PROBLEM TO SOLVE:
For the data that follows, return each line unchanged and drop the pictures.

[Opening DATA SEGMENT section]

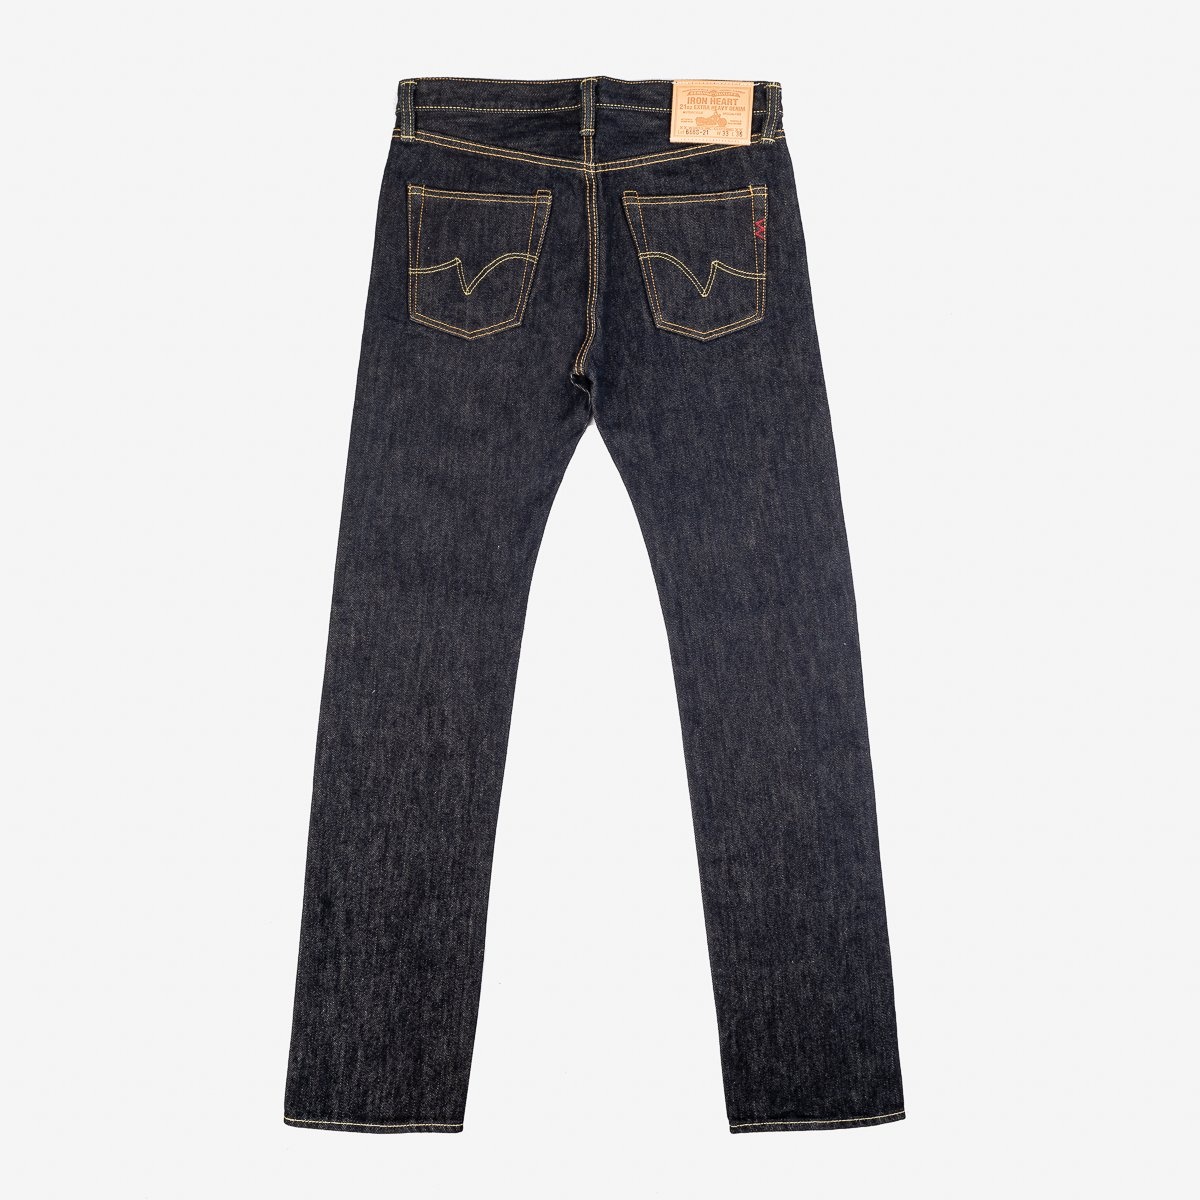 IH-666S-21 21oz Selvedge Denim Slim Straight Cut Jeans - Indigo - 5
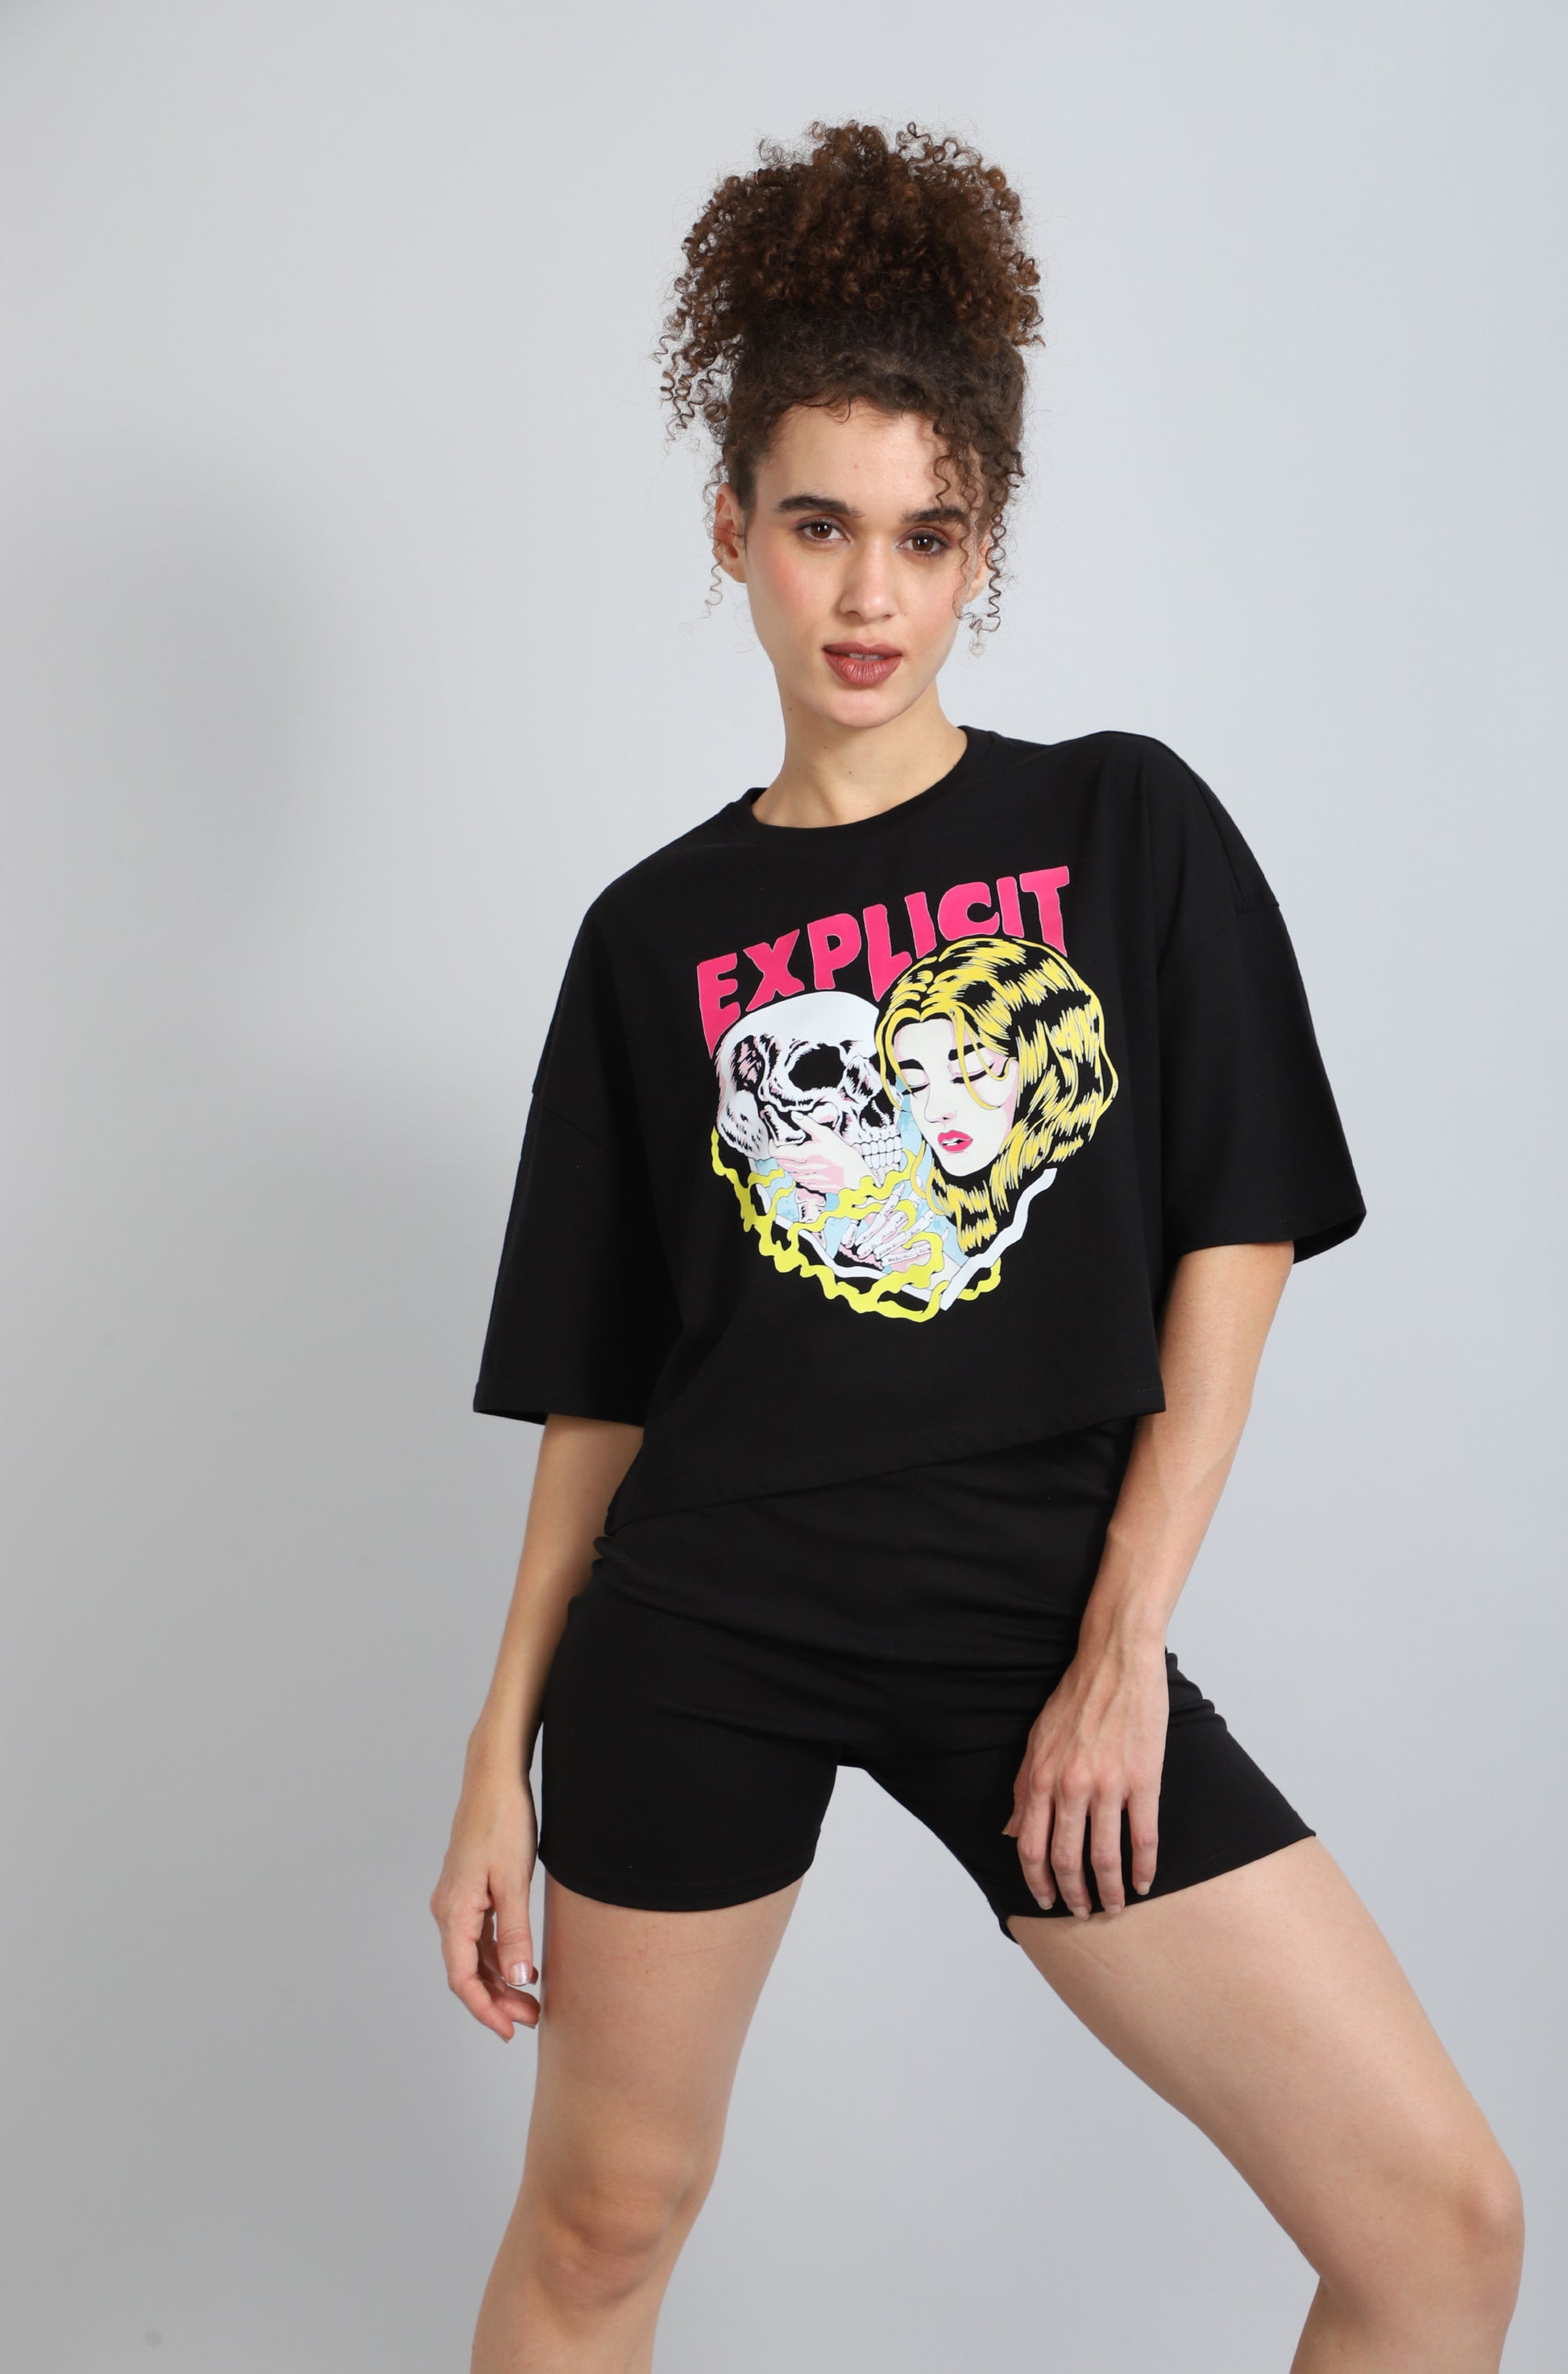 explicit black tshirt for women
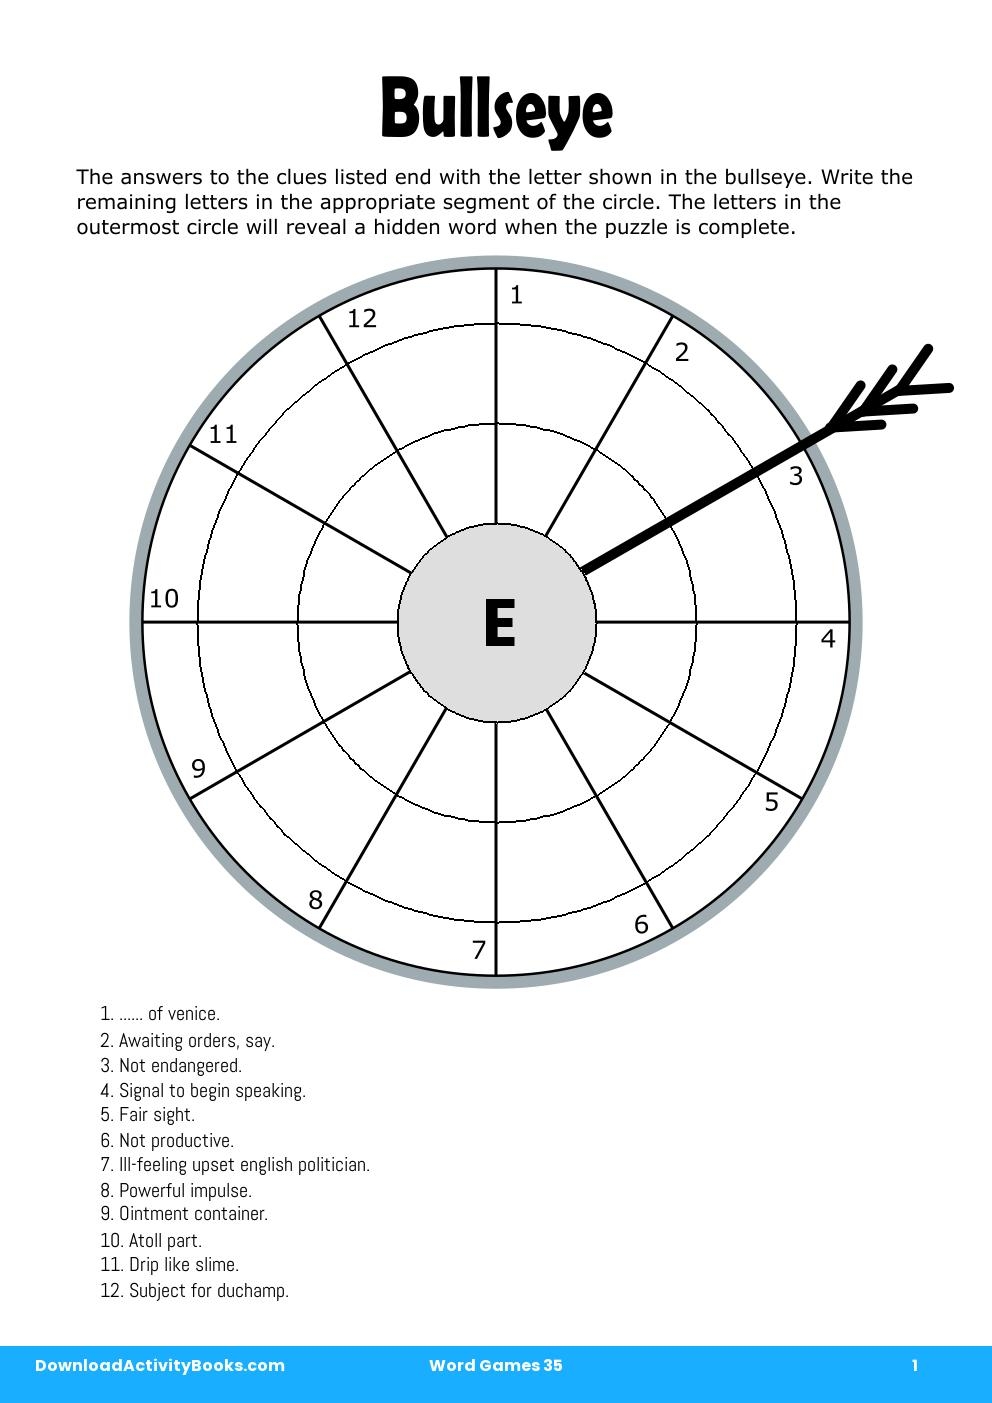 Bullseye in Word Games 35

[Closing DATA SEGMENT section]

WRITTEN RESPONSE:
 IH-666S-21 21oz Selvedge Denim Slim Straight Cut Jeans - Indigo - 5
 explicit black tshirt for women
 Bullseye in Word Games 35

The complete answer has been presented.